# Temporizador 20 horas



## Fabio Rojas (Dic 4, 2006)

Hola amigos de la comunidad, pido ayuda a quien me pueda dar información sobre como realizar un temporizador para un circuito sencillo, solo necesito que el temporizador dure un periodo de 20 horas, y el otro de 4 horas, para tener un día completo, agradezco su ayuda, gracias.


----------



## Trinquete (Dic 22, 2006)

Hola Fabio ,hace unos dias publiqué en el foro un circuito de un cargador de baterias con un 4060 ,la duración era de 15 horas ,pero es muy facil aumentarlo a 24 HORAS,busca en el foro no recuerdo en cual de ellos lo publiqué. Si dudas vuelve a pedir ayuda.


----------



## venado_bike (Mar 3, 2009)

Encontre el Proyecto.. utilize un 555 (Monoestable).  

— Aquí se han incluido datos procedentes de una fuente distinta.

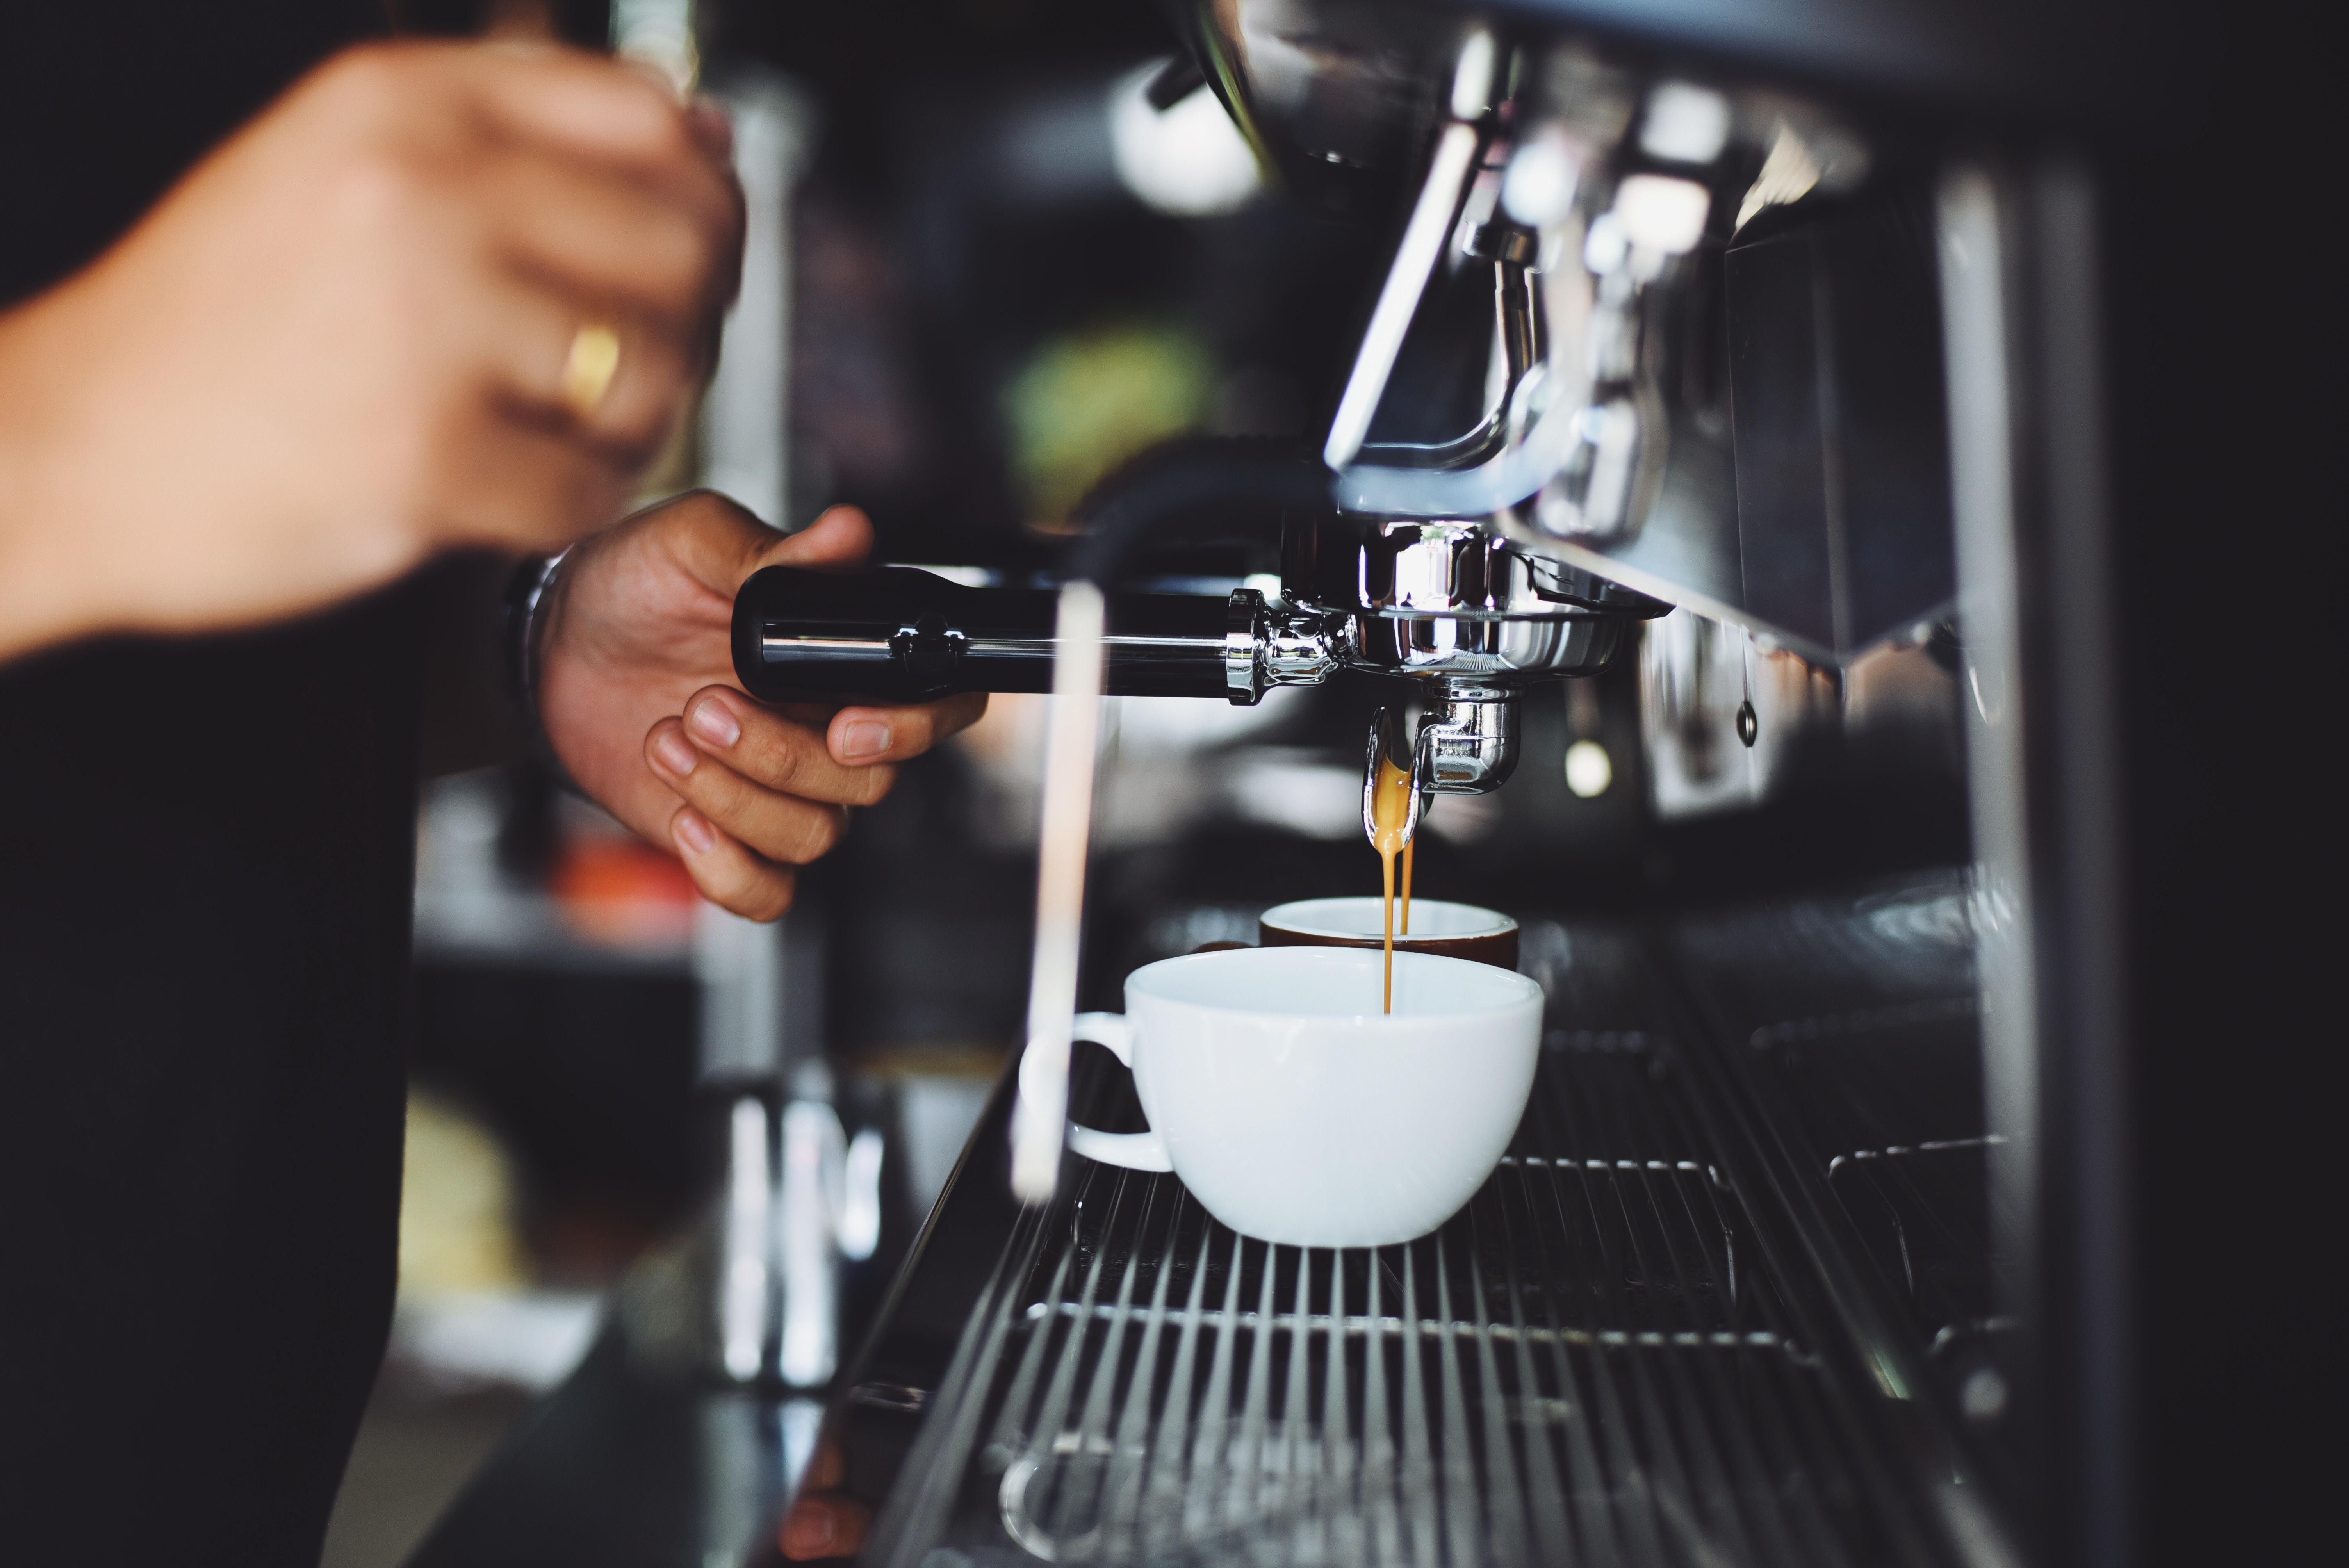 Professional Coffee Machine Restaurant 183 Free Stock Photo

En R1 utiliza un valor de 15KΩ.. (para 20 Hs) y en R2 un valor de 2.2MΩ (para 4 Hs) y el capacitor C1 es de 4700µF.   




Espero que lo puedas Armar..


----------



## venado_bike (Mar 3, 2009)

Querias un temporizador de 24 H.. en caso de que sea asi.. sustitui R1 y R2.. Coloca un Nuevo Resistor (R1 y R2 ya no estan mas) de un valor de 180MΩ. 


Saludos..


----------



## Fogonazo (Mar 3, 2009)

venado_bike dijo:
			
		

> Querias un temporizador de 24 H.. en caso de que sea asi.. sustitui R1 y R2.. Coloca un Nuevo Resistor (R1 y R2 ya no estan mas) de un valor de 180MΩ.


Edita tus comentarios en lugar de agregar nuevos.

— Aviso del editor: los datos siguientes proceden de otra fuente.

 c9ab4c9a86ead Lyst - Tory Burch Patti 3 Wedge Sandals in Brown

1) ¿ Donde piensas conseguir una resistencia de 180 MΩ ?
2) No estas considerando las propias perdidas del electrolítico que son de mayor importancia que la resistencia de carga 

Mira este datasheet *CD4060* esta es la solución habitual para temporizaciones largas


----------



## venado_bike (Mar 3, 2009)

se me fue de la mano.. nose en que estaba pensando.. jeje..


----------



## Jorge Flores Vergaray (Mar 4, 2009)

Para controlar periodos largos como horas el mètodo mas recomendable es generar un pulso de un segundo y utilizar la cadena de divisores de un reloj digital , dividir entre 60 nos da minutos , dividiendo esta salida entre 60 nos darà horas y dividiendo horas entre 24 nos darà dias.
Otra opciòn un poco menos precisa pero màs econòmica y pequeña es usar el 4060.El Cmos 4060 es un contador binario de 14 pines con construido con un oscilador interno para generar la base de tiempos. El oscilador consiste en  dos inversores conectados con los pines 9,  10 y 11;  su frecuencia es fijada por R3, y R4; C3.El led verde flashea  mientras que el oscilador esté funcionando: y el circuito integrado  cuenta el número de oscilaciones. Aunque sea un contador de  14 patas, no todos los pines son accesibles. 
Los que pueden ser conectados se muestran en el dibujo. Ajustando la frecuencia del oscilador se puede fijar la longitud de tiempo que toma para que pase a ALTO cualquier salida dada. Esta salida entonces excita el transistor el cuál hace funcionar el relay. Al mismo tiempo, D1 para la cuenta inhabilitando el oscilador. 
El condensador C3 debe  idealmente ser no polarizado; pero un electrolítico comùn trabajará, con tal que no tenga muchas fugas inversas. Alternativamente, se puede simular un condensador no-polarizado de 10uF conectando dos condensadores 22uF como se muestra en la figura. Usando el mètodo de ensayo y el error encontrar un periodo largo sería muy tedioso.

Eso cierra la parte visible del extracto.